## REQUIREMENT
Return the lines of the material below exactly, beginning with the line that has "Jatiwarna, Pondokmelati, Kobek: Memasang" in it and finishing with the line that has "World War 2 life saver" in it. Leave all pictures aside.

## LISTED RECORDS
● ● ●

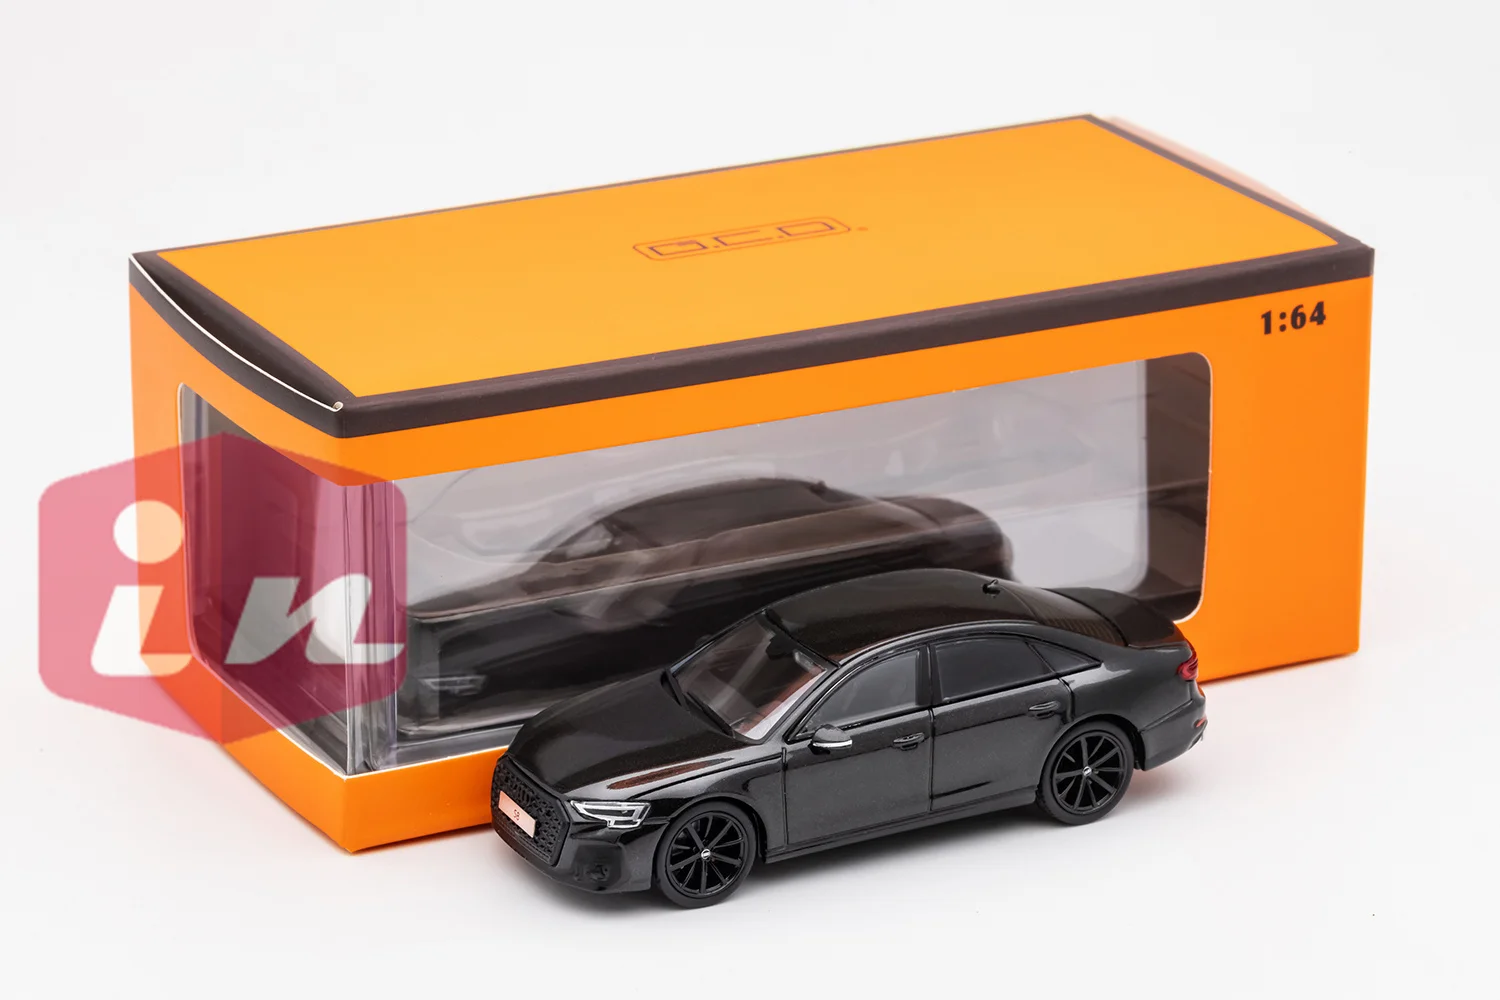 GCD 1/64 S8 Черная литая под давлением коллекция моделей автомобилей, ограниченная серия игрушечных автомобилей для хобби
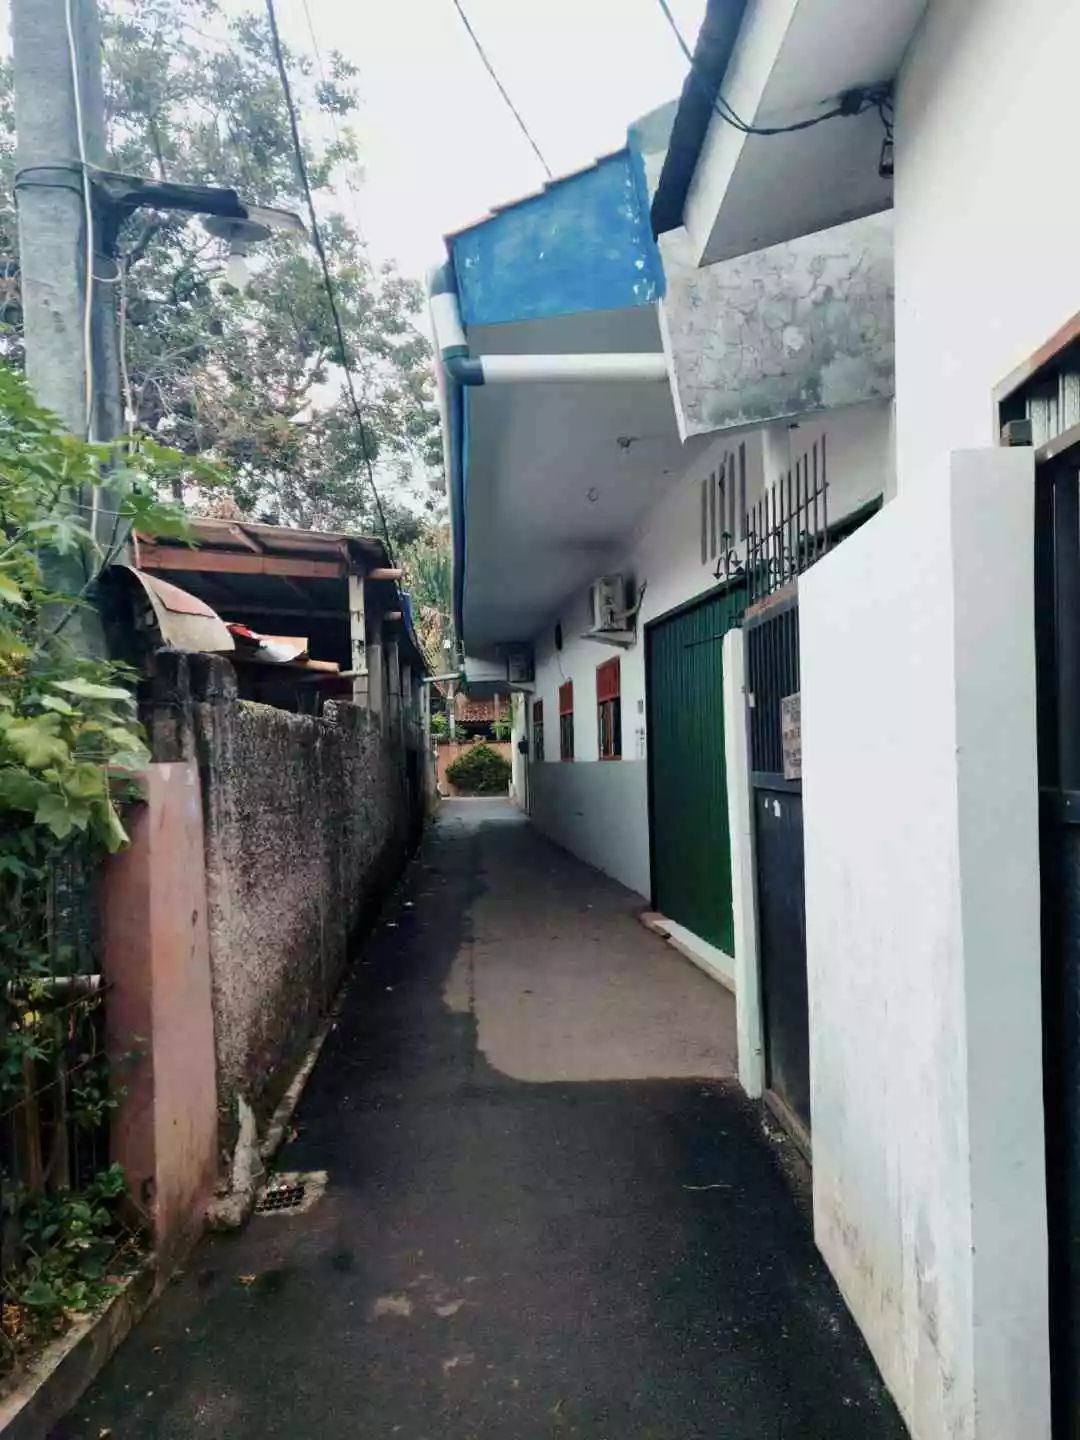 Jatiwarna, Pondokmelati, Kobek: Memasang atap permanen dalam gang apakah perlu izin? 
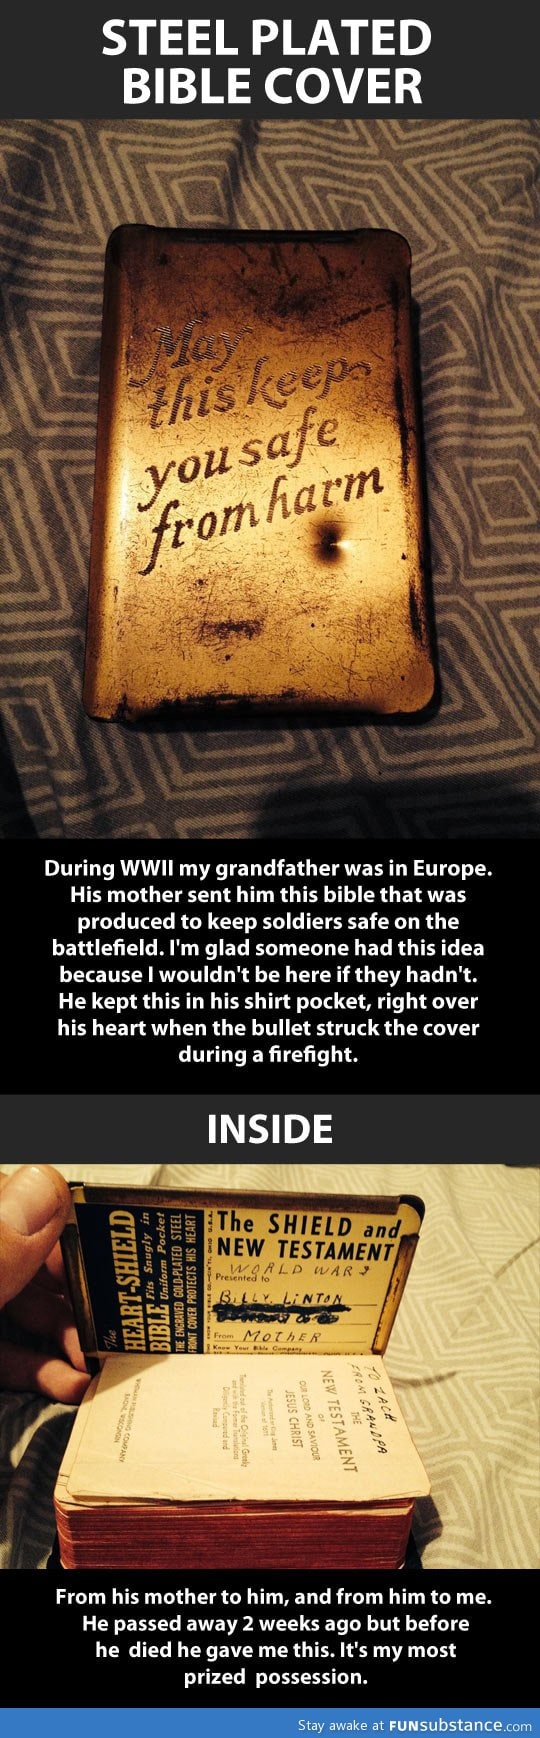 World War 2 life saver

● ● ●

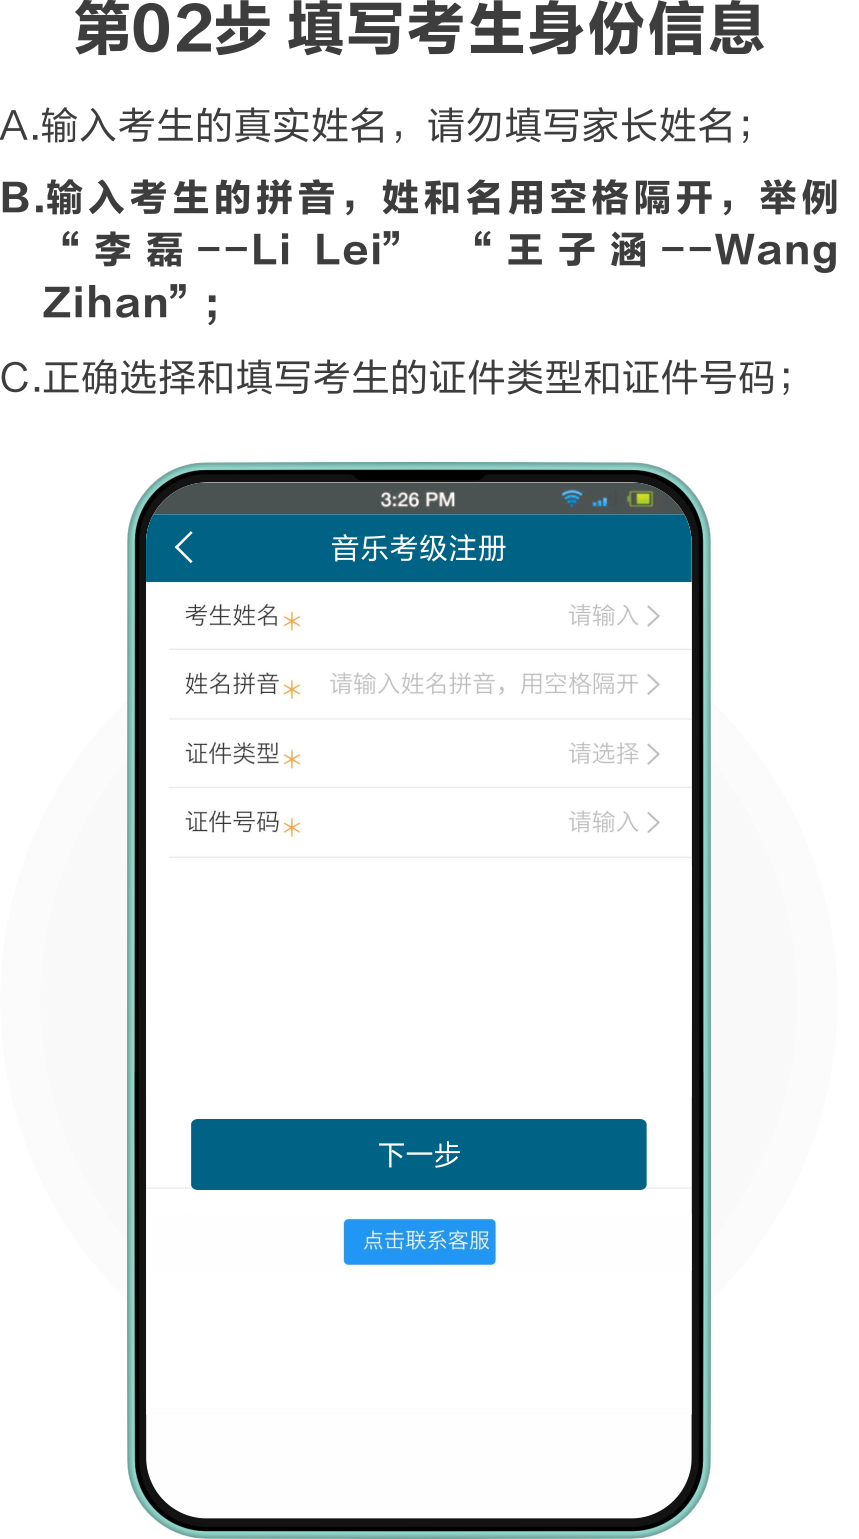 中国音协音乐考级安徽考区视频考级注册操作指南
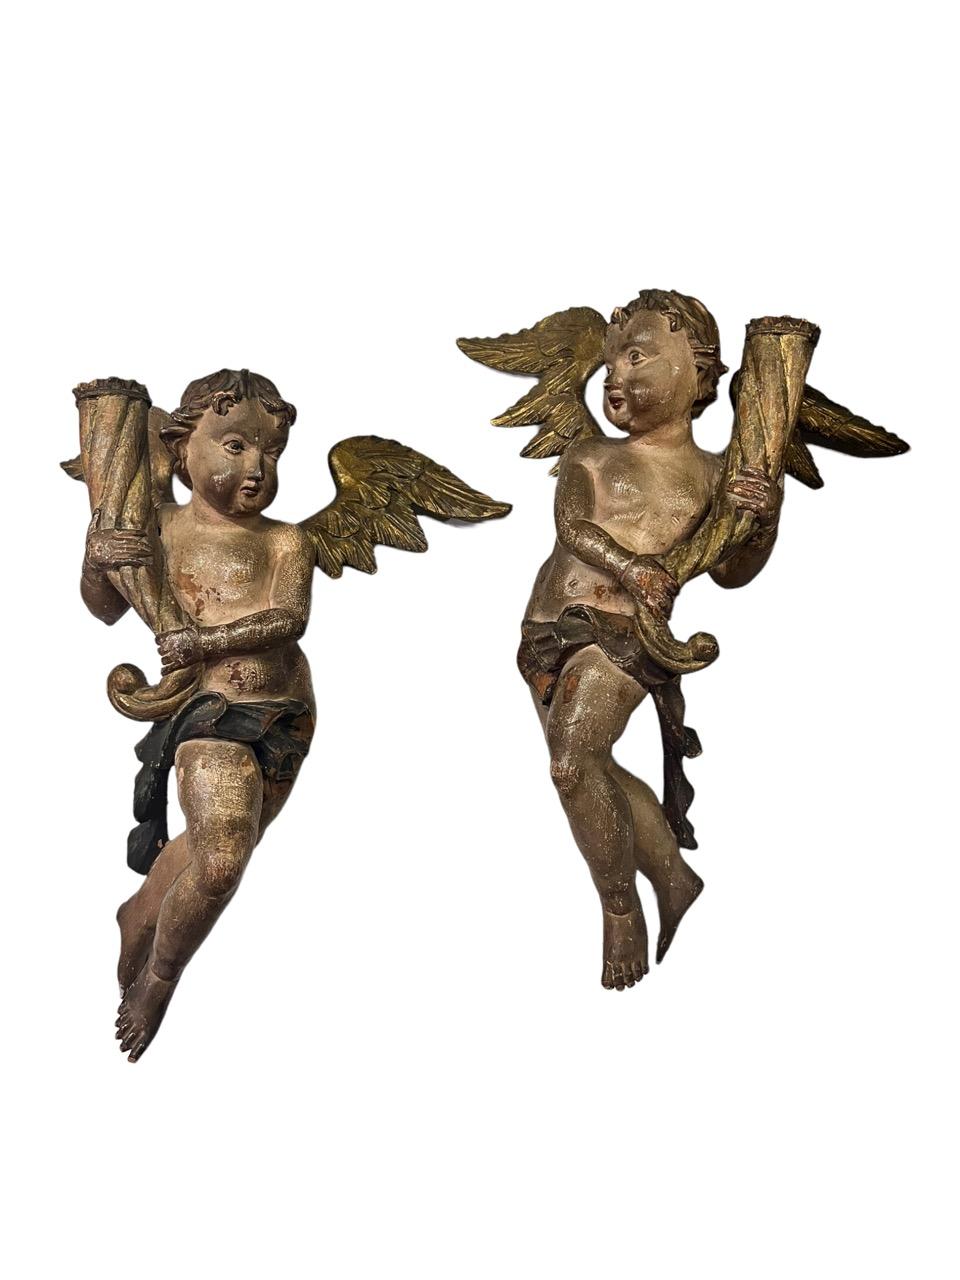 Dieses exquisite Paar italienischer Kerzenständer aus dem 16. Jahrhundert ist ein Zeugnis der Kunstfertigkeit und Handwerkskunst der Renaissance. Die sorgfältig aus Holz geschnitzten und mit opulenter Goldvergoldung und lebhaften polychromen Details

● ● ●

## OUTPUT BELOW
 Jatiwarna, Pondokmelati, Kobek: Memasang atap permanen dalam gang apakah perlu izin? 
 World War 2 life saver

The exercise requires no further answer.